_WHAT IS BEING ASKED_
Repeat the listing below line by line, exactly, leaving its pictures behind.

_DATA BLOCK_
----------

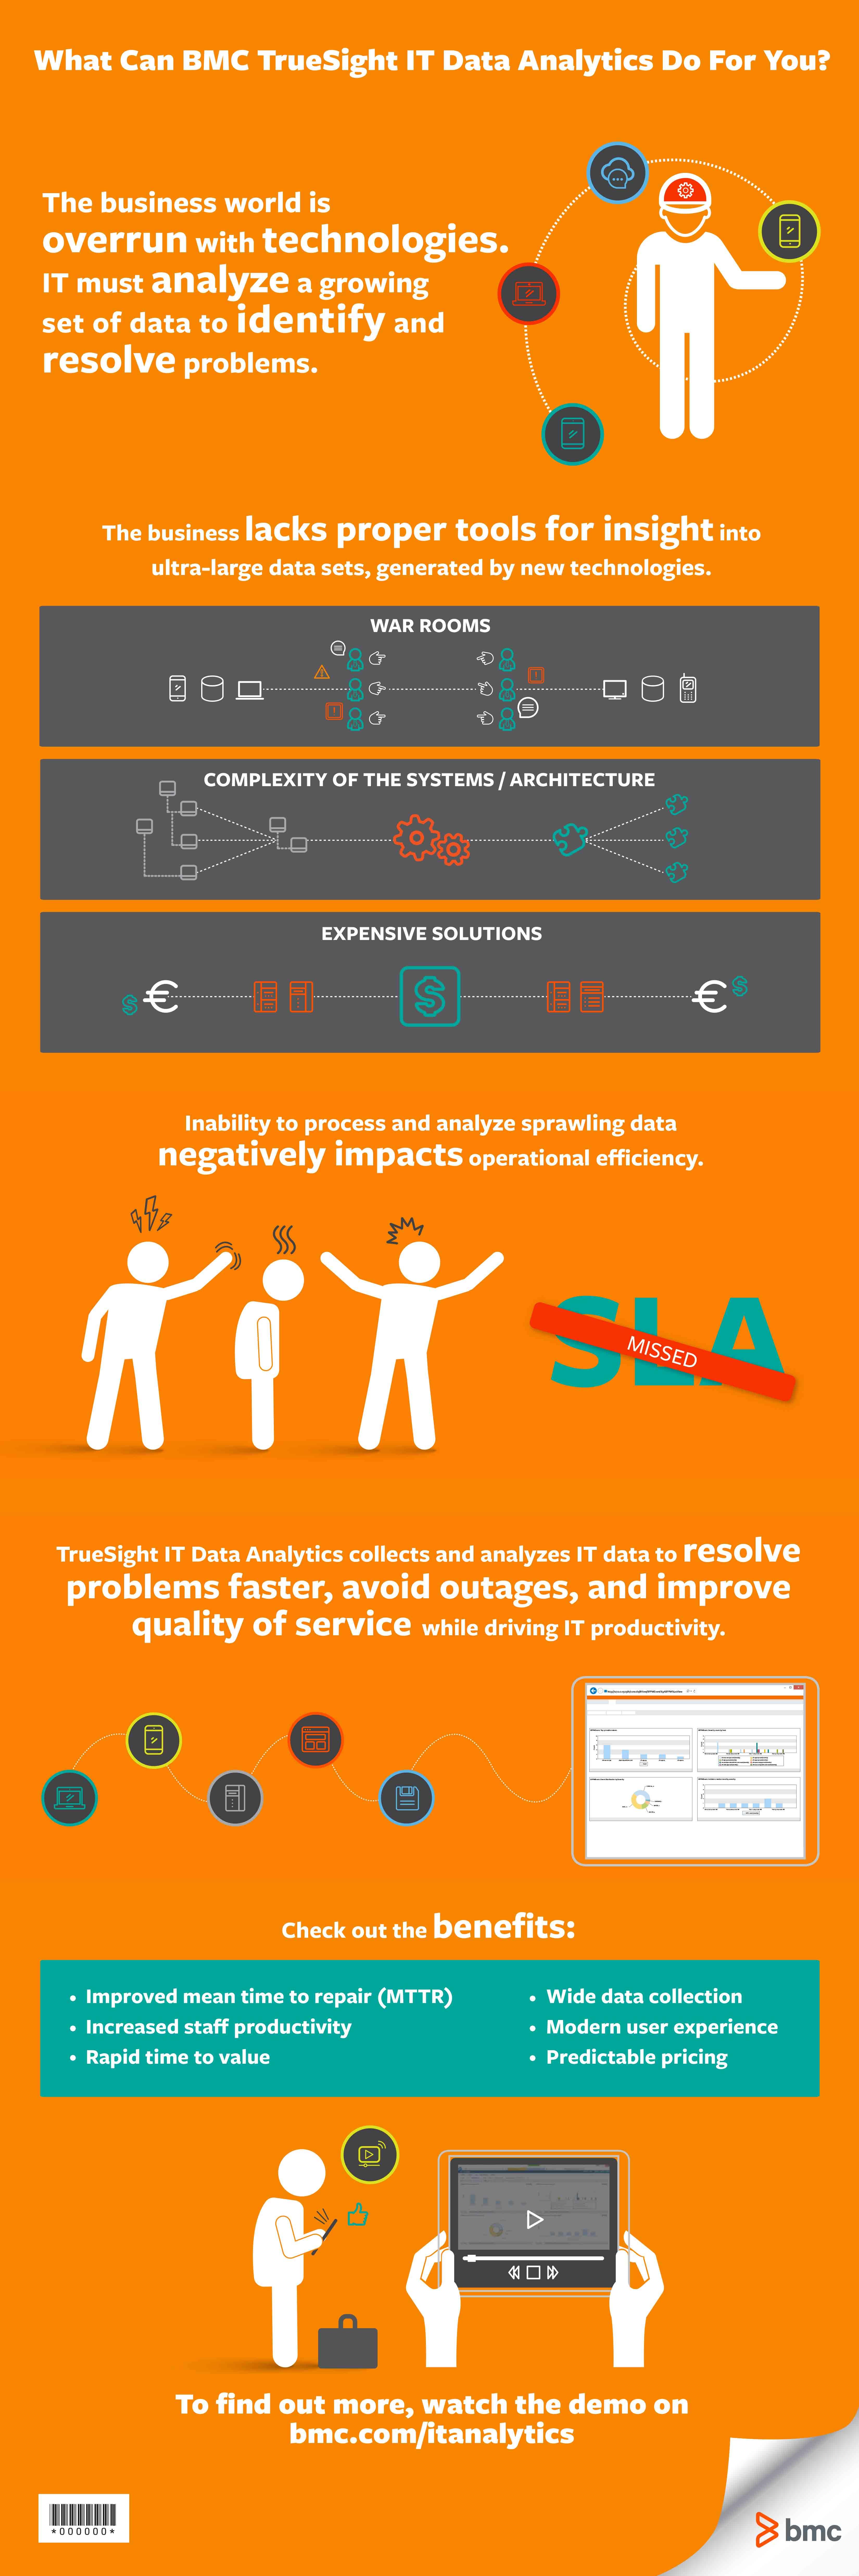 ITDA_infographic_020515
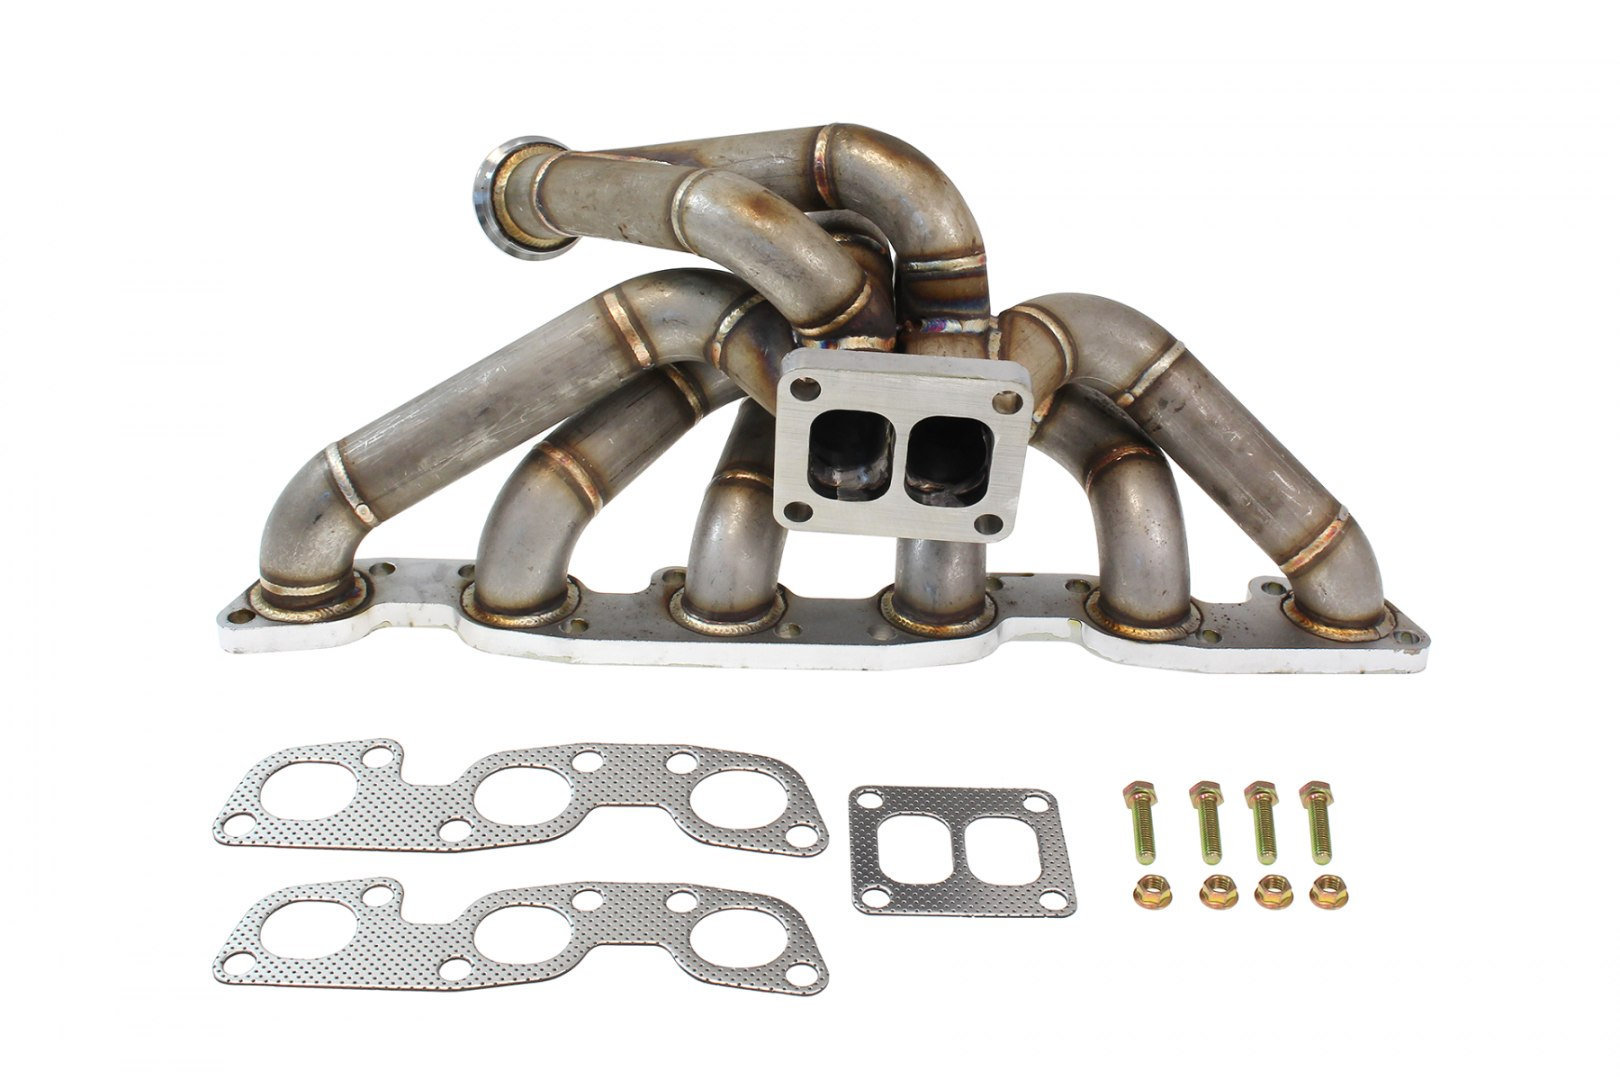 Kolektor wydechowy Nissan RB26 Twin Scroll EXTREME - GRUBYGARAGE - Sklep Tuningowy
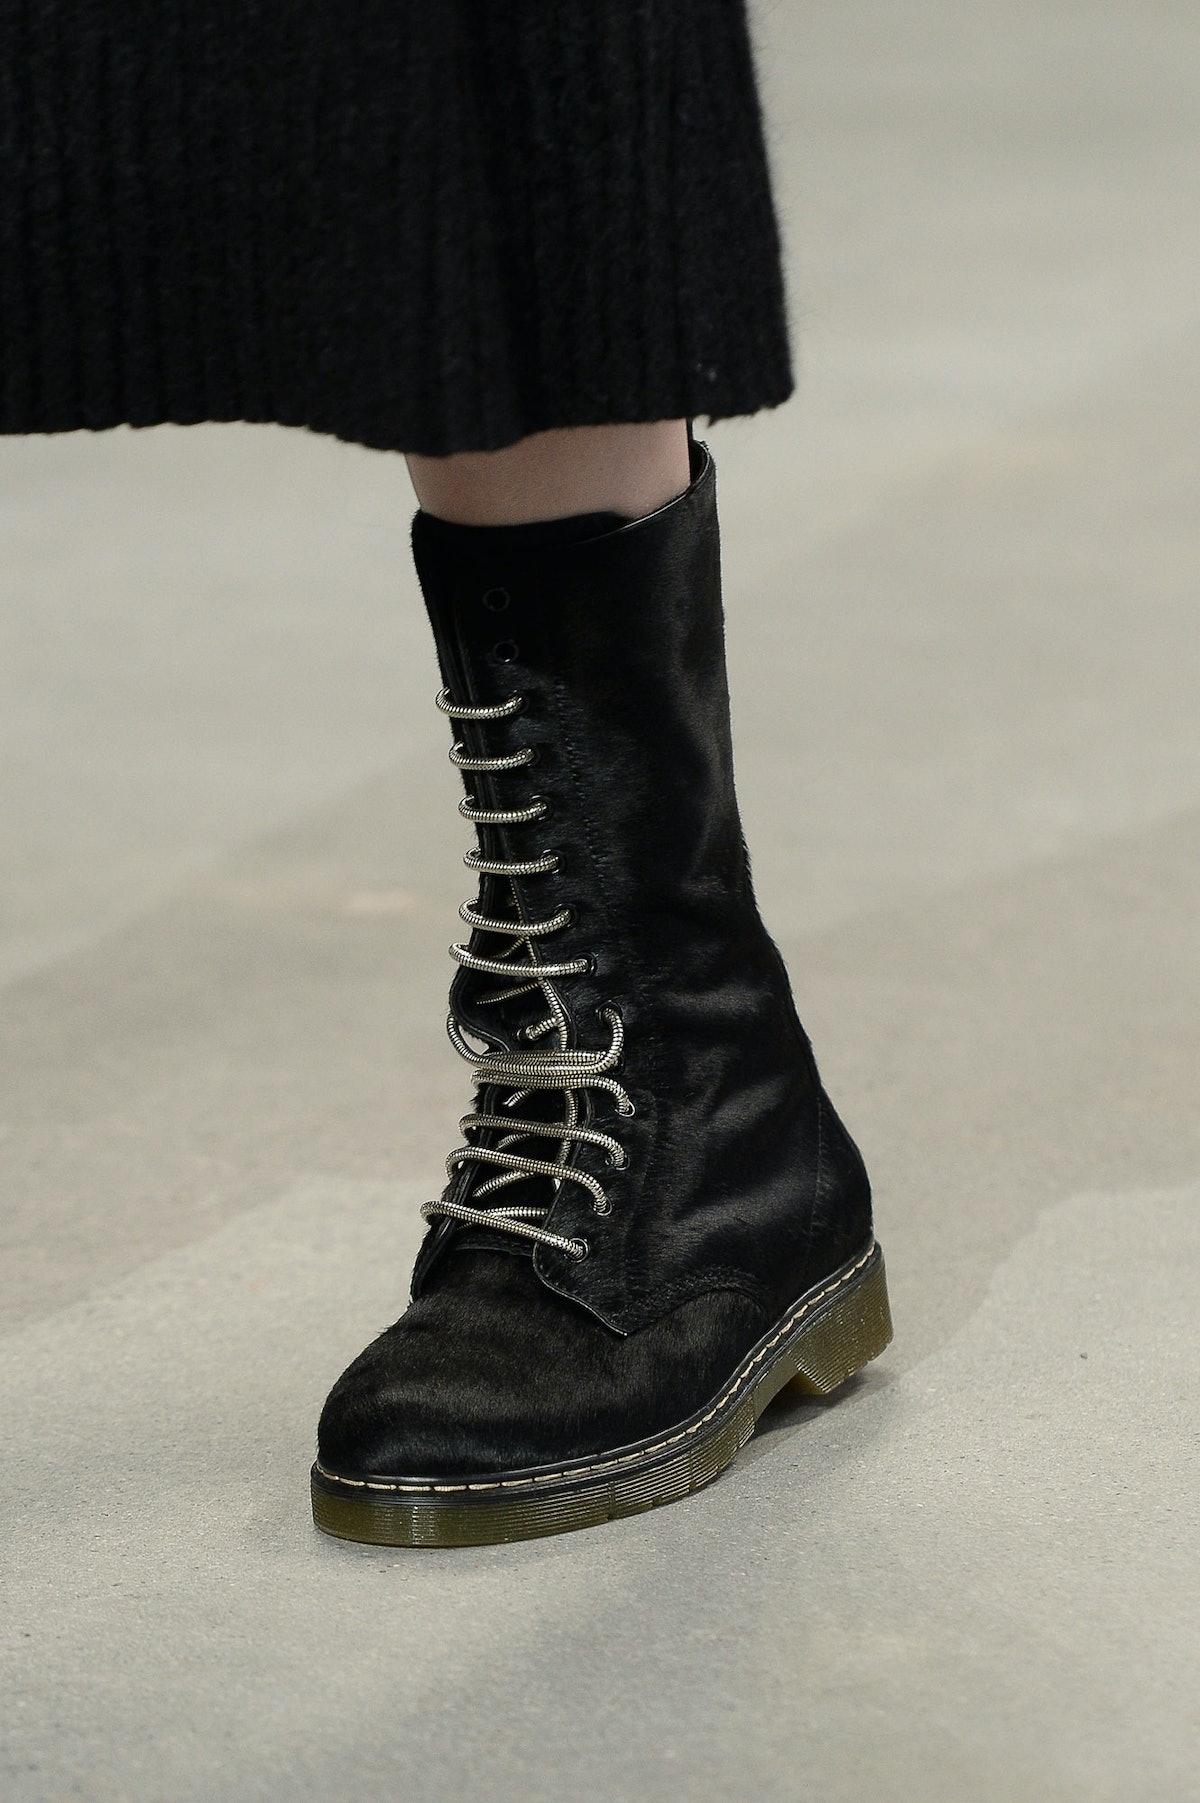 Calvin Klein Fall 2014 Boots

----------

_FINISHED TASK_
 ITDA_infographic_020515
 Kolektor wydechowy Nissan RB26 Twin Scroll EXTREME - GRUBYGARAGE - Sklep Tuningowy
 Calvin Klein Fall 2014 Boots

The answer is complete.